• TASK STATEMENT: Pictures stay out of the copy, and everything else in the data below is repeated exactly.

• DATASET CONTENT:
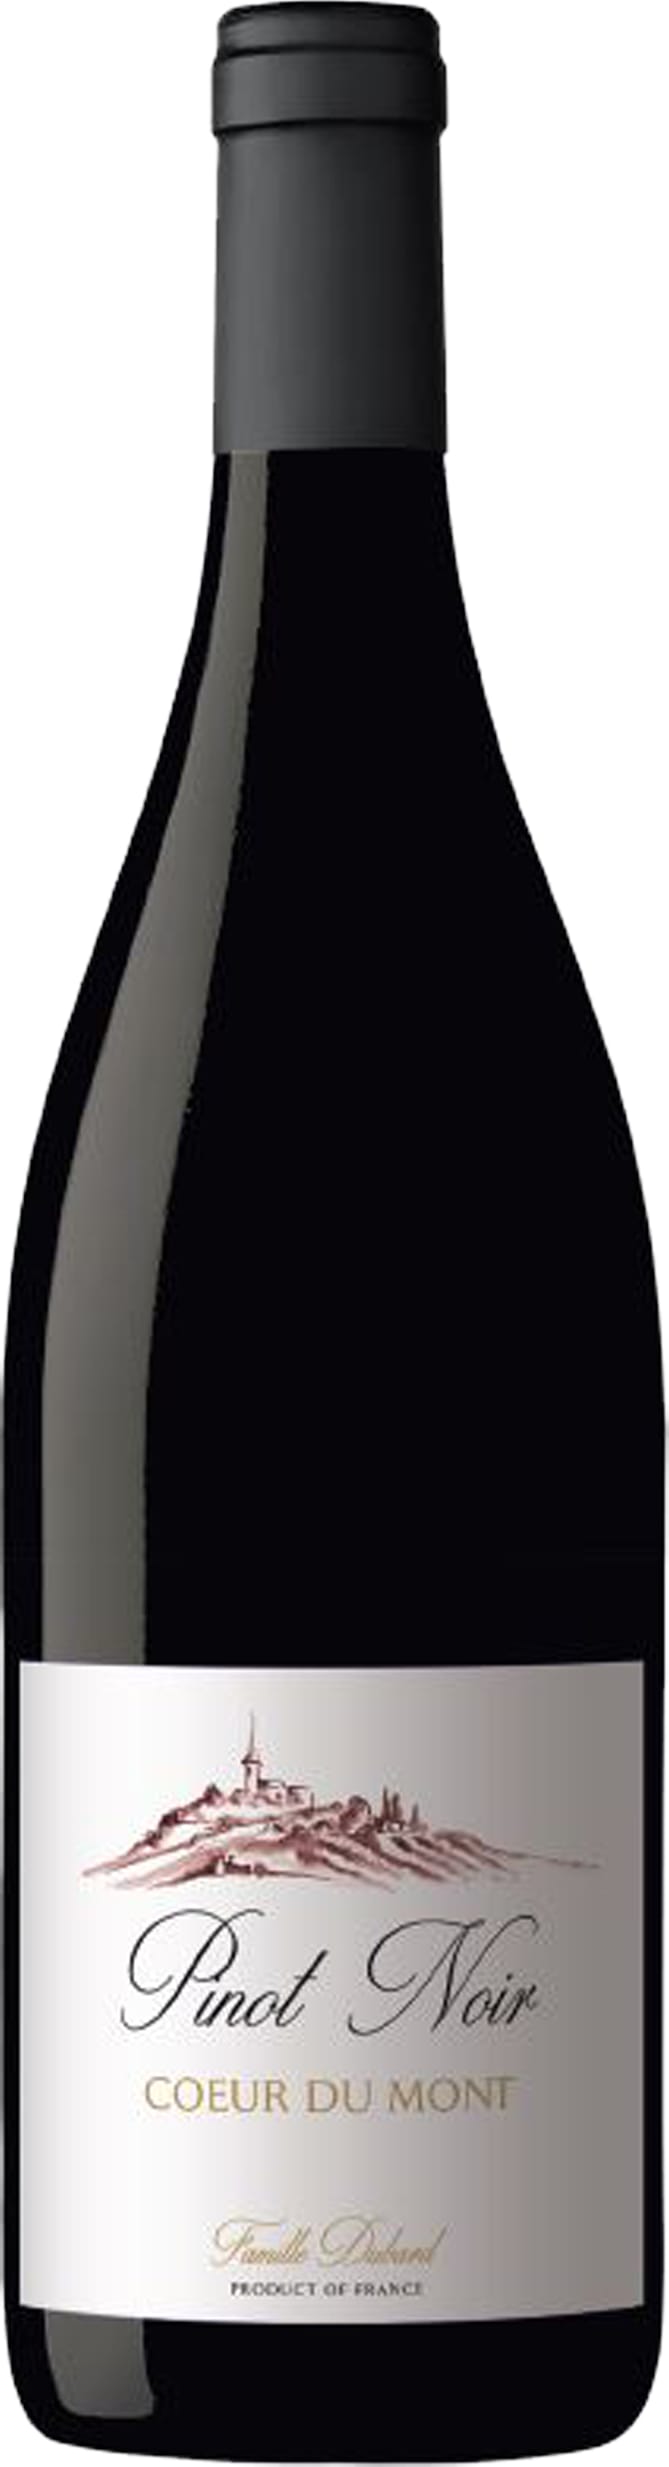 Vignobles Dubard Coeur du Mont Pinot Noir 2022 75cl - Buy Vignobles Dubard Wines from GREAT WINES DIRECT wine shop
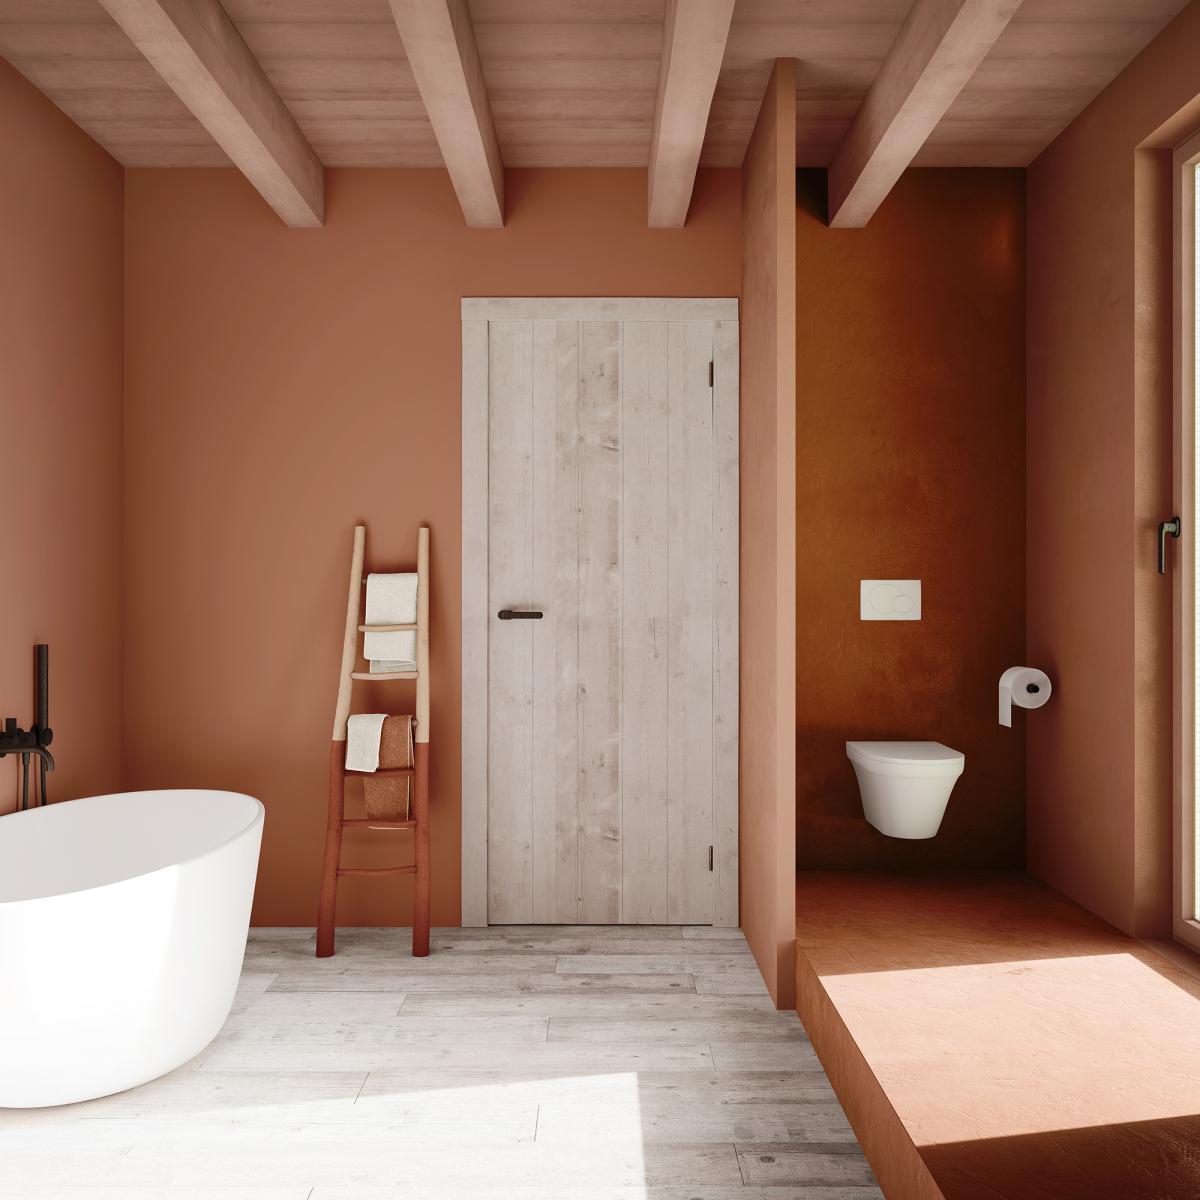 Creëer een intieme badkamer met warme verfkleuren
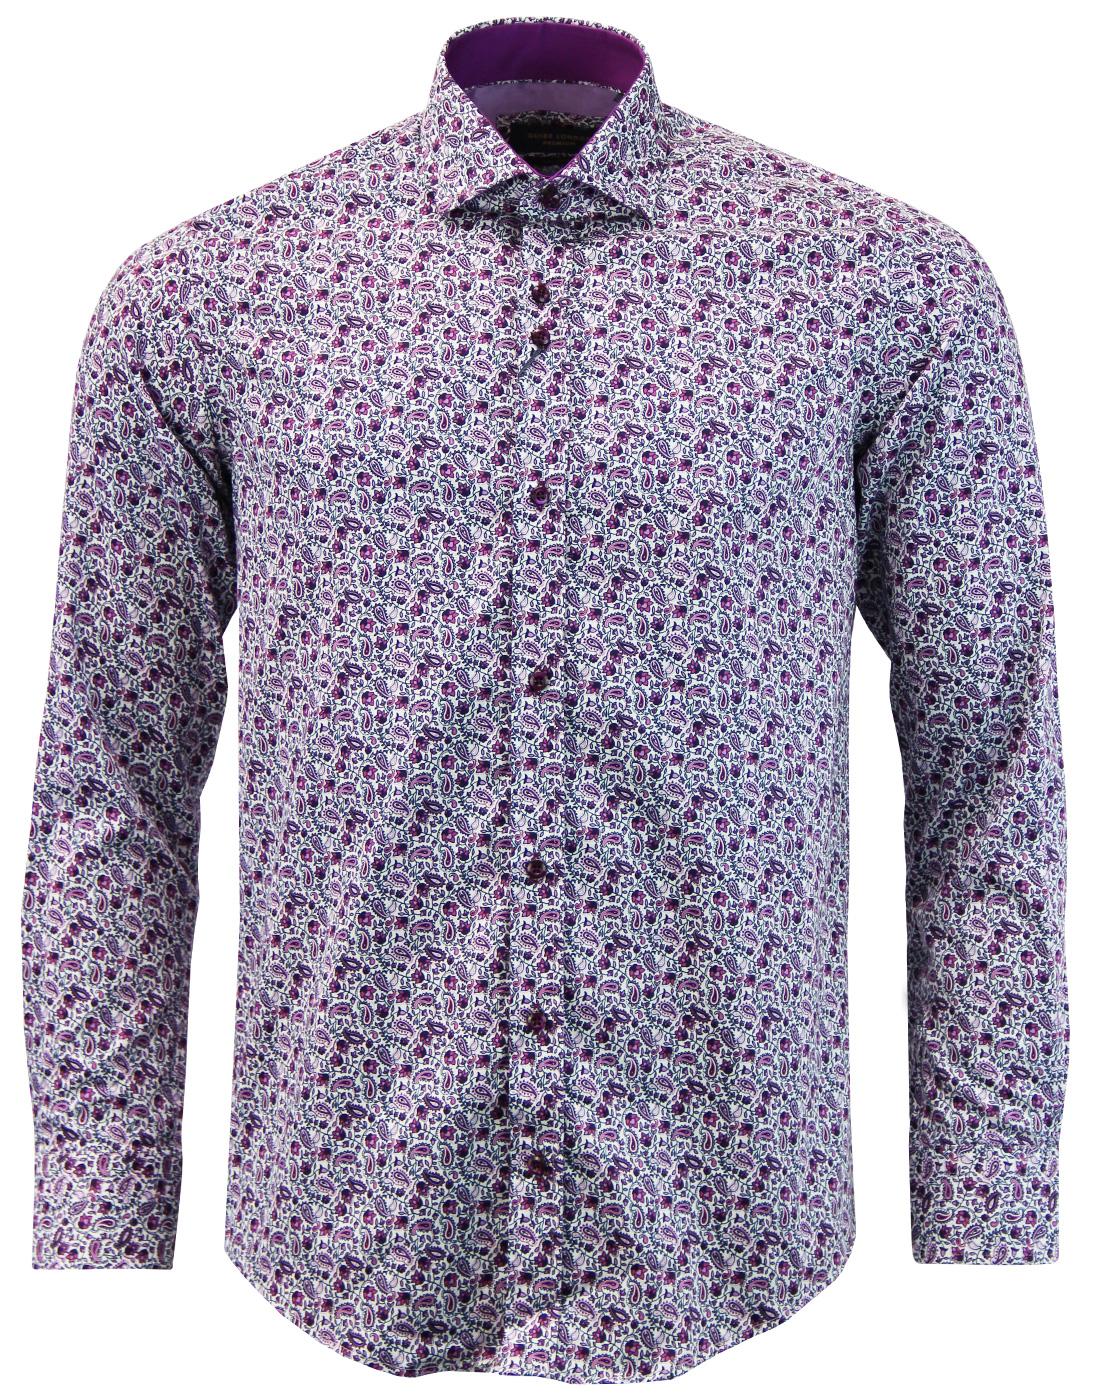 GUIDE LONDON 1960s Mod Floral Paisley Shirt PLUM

• YOUR RESPONSE:
 Vignobles Dubard Coeur du Mont Pinot Noir 2022 75cl - Buy Vignobles Dubard Wines from GREAT WINES DIRECT wine shop
 Creëer een intieme badkamer met warme verfkleuren
 GUIDE LONDON 1960s Mod Floral Paisley Shirt PLUM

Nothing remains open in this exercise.